There is also if you have a friend with a dog that is unknown to yours but will not react to yours as it goes to bark (if that makes sense!) and ignore it, try this (like a Stooge dog almost). Walk your dogs along the street with your friend coming in the opposite direction (obv not too close) - most of the occasions I've seen this its more like "i'll get in before you do!" and if they are ignored by the other dog, they quickly retreat!!

Good luck!!!!


----------



## Kellys Heroes (21 June 2010)

Jennypenny said:



			Yes defo if I  see another dog and think Oh bugger! Here we go again! LOL They are both very strong dogs so I end up just holding on to them. If I see someone coming I tend to now change direction and walk away and go some where for them to pass. But like to today I have a dog behind and two dogs in front and had the challenge which ever way I went. Its so much more difficult with two as once one starts it the other does.
		
Click to expand...

also in reply to this....

At first, if you feel better crossing the road to avoid the dogs, do this - BUT first, when you are walking them (and this is important), even when there are no dogs around, cross the road.
At random times, cross the road.
For no reason, cross the road.
Therefore crossing the road doesn't = wahheyyy dog time!!! 
Never walk away from the problem and always relax!!! Never haul the lead on them - they're always gonna win


----------



## Booboos (21 June 2010)

Annoying as it is, I think you need to work on them one at a time, so they can have your full attention.
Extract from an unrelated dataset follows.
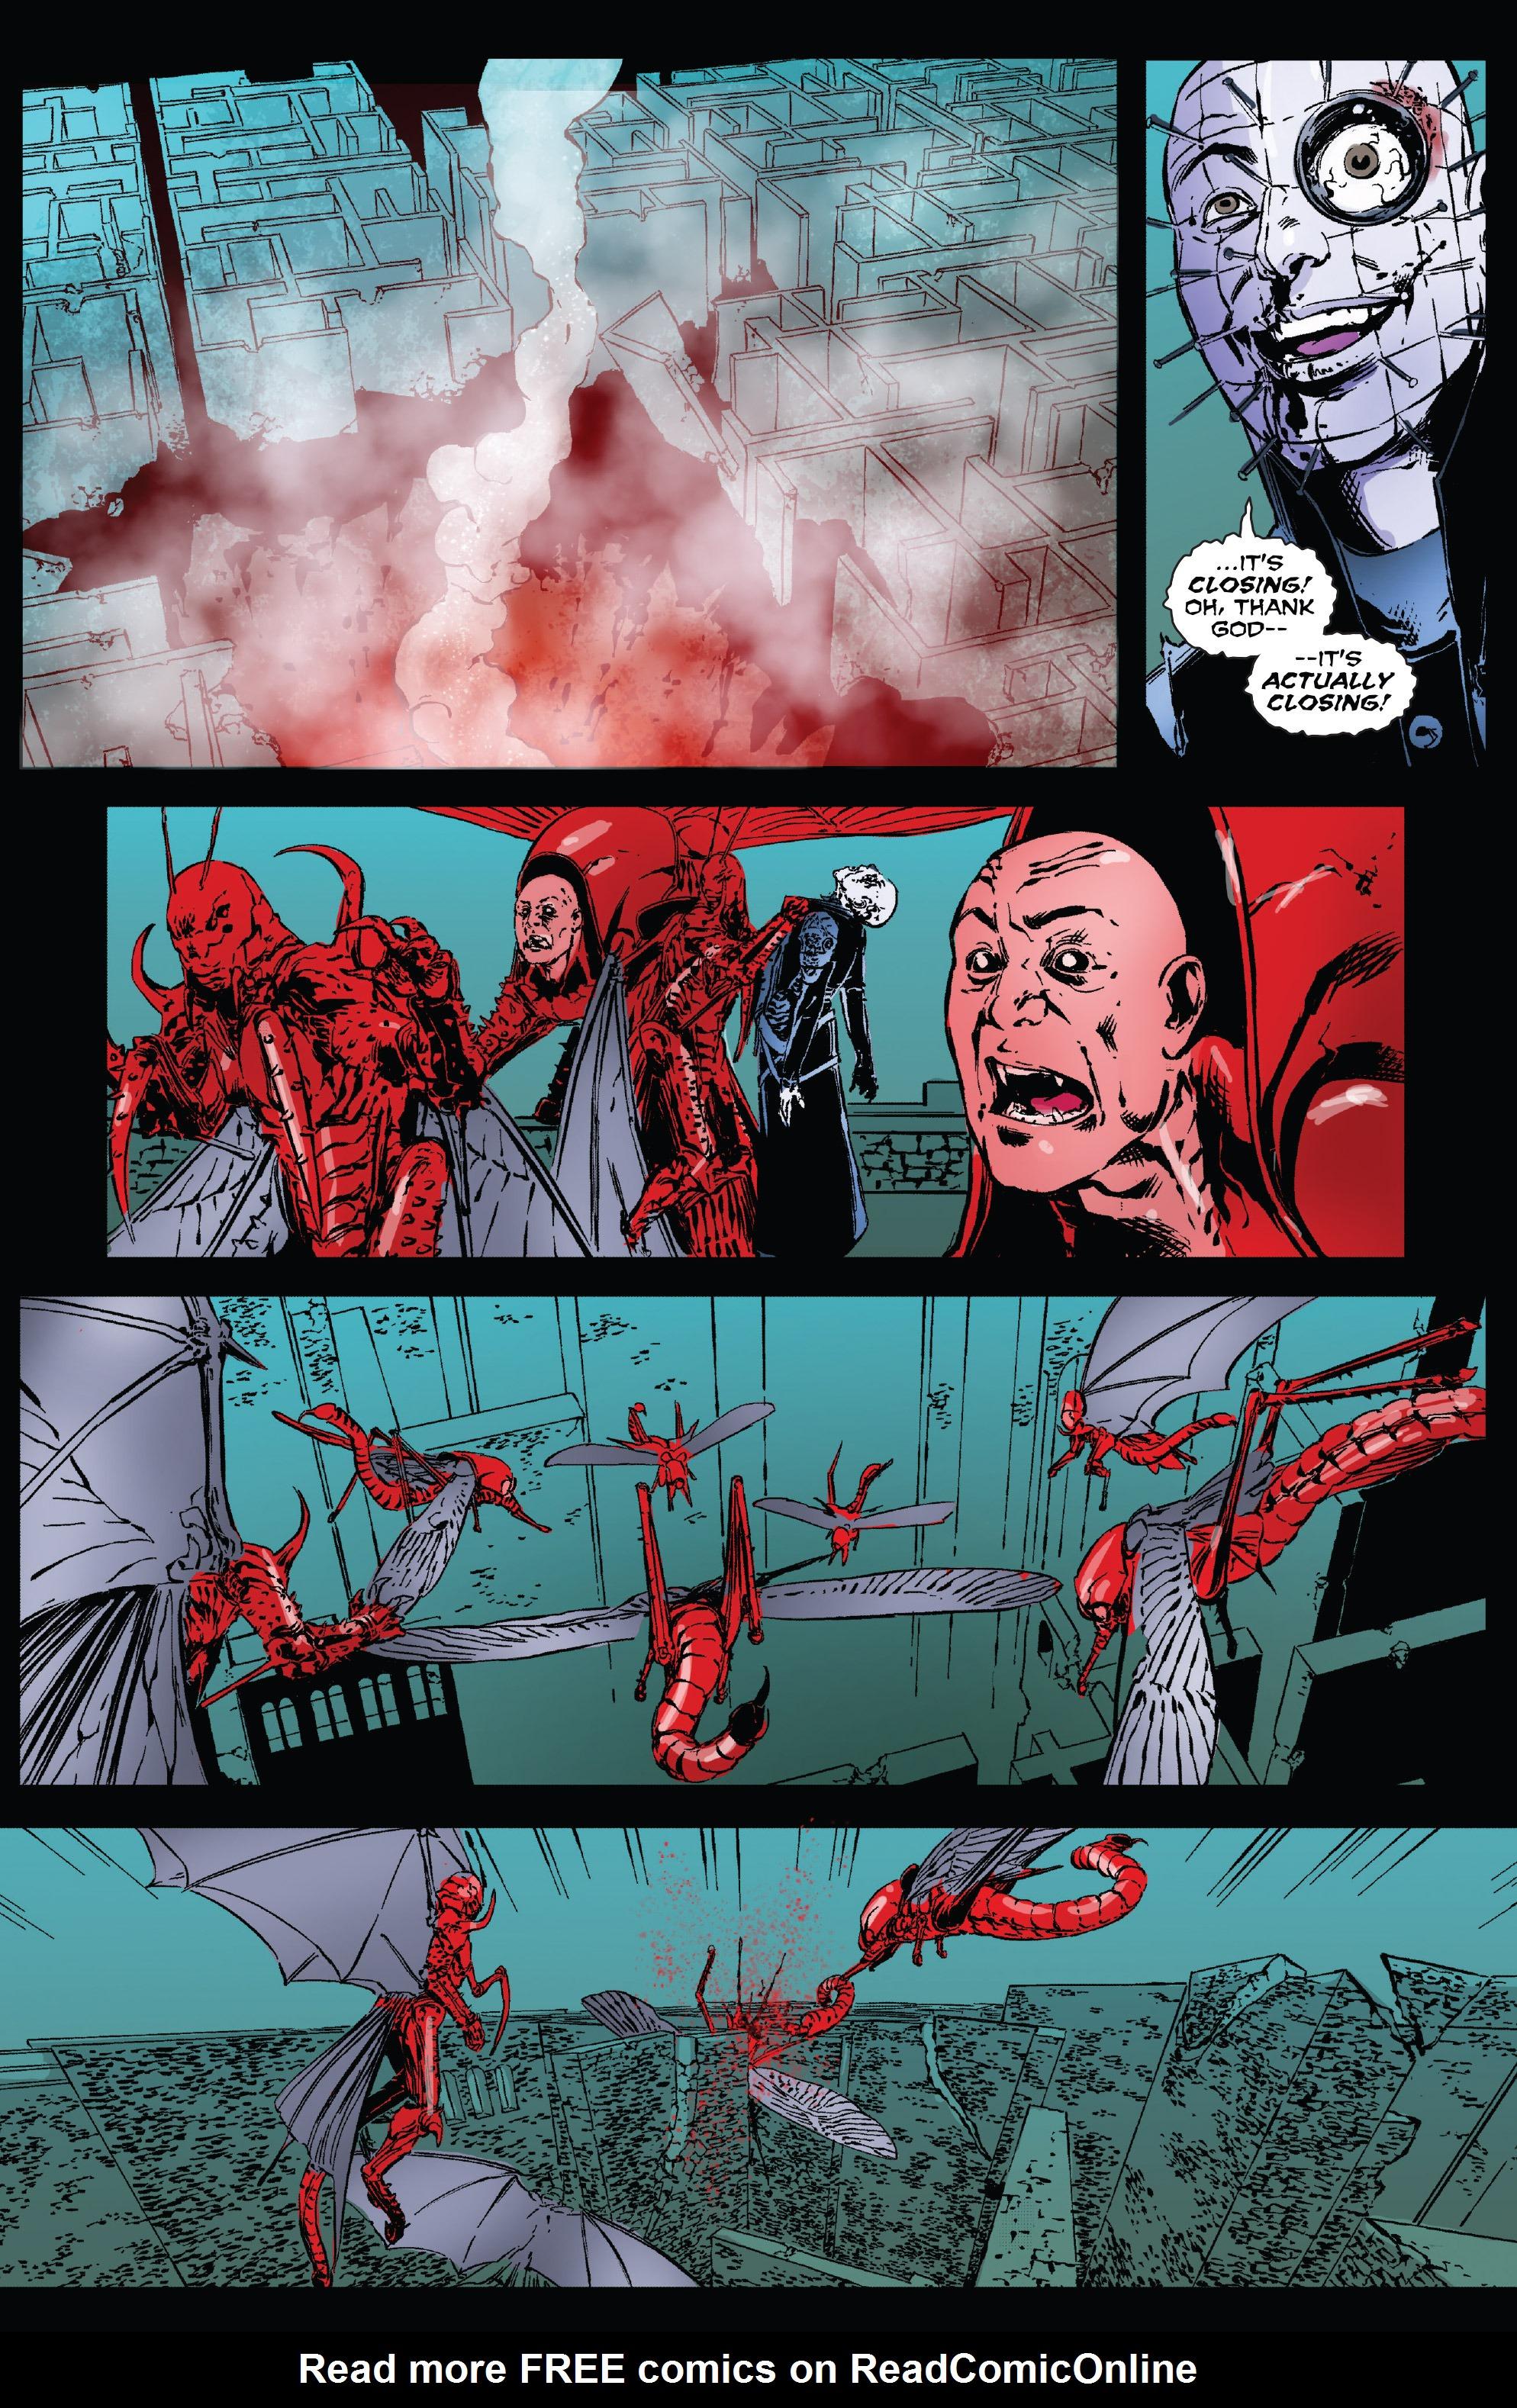 Read online Clive Barker's Hellraiser: The Dark Watch comic -  Issue # TPB 3 - 123

Pookie (JRT) was the same, fine off the lead, but barking and lunging on the lead and it took a good year to get him over this. If you can get the dog's attention then position him with his back to the other dog, if you can't do this, then place yourself between the two dogs and cut off his line of sight. Having a 'leave it' command in place (i.e. the dog knows this command and obeys it in less stressful situations) can be very helpful and also the bestest treats in the world.

Good luck, it does get better in time!


----------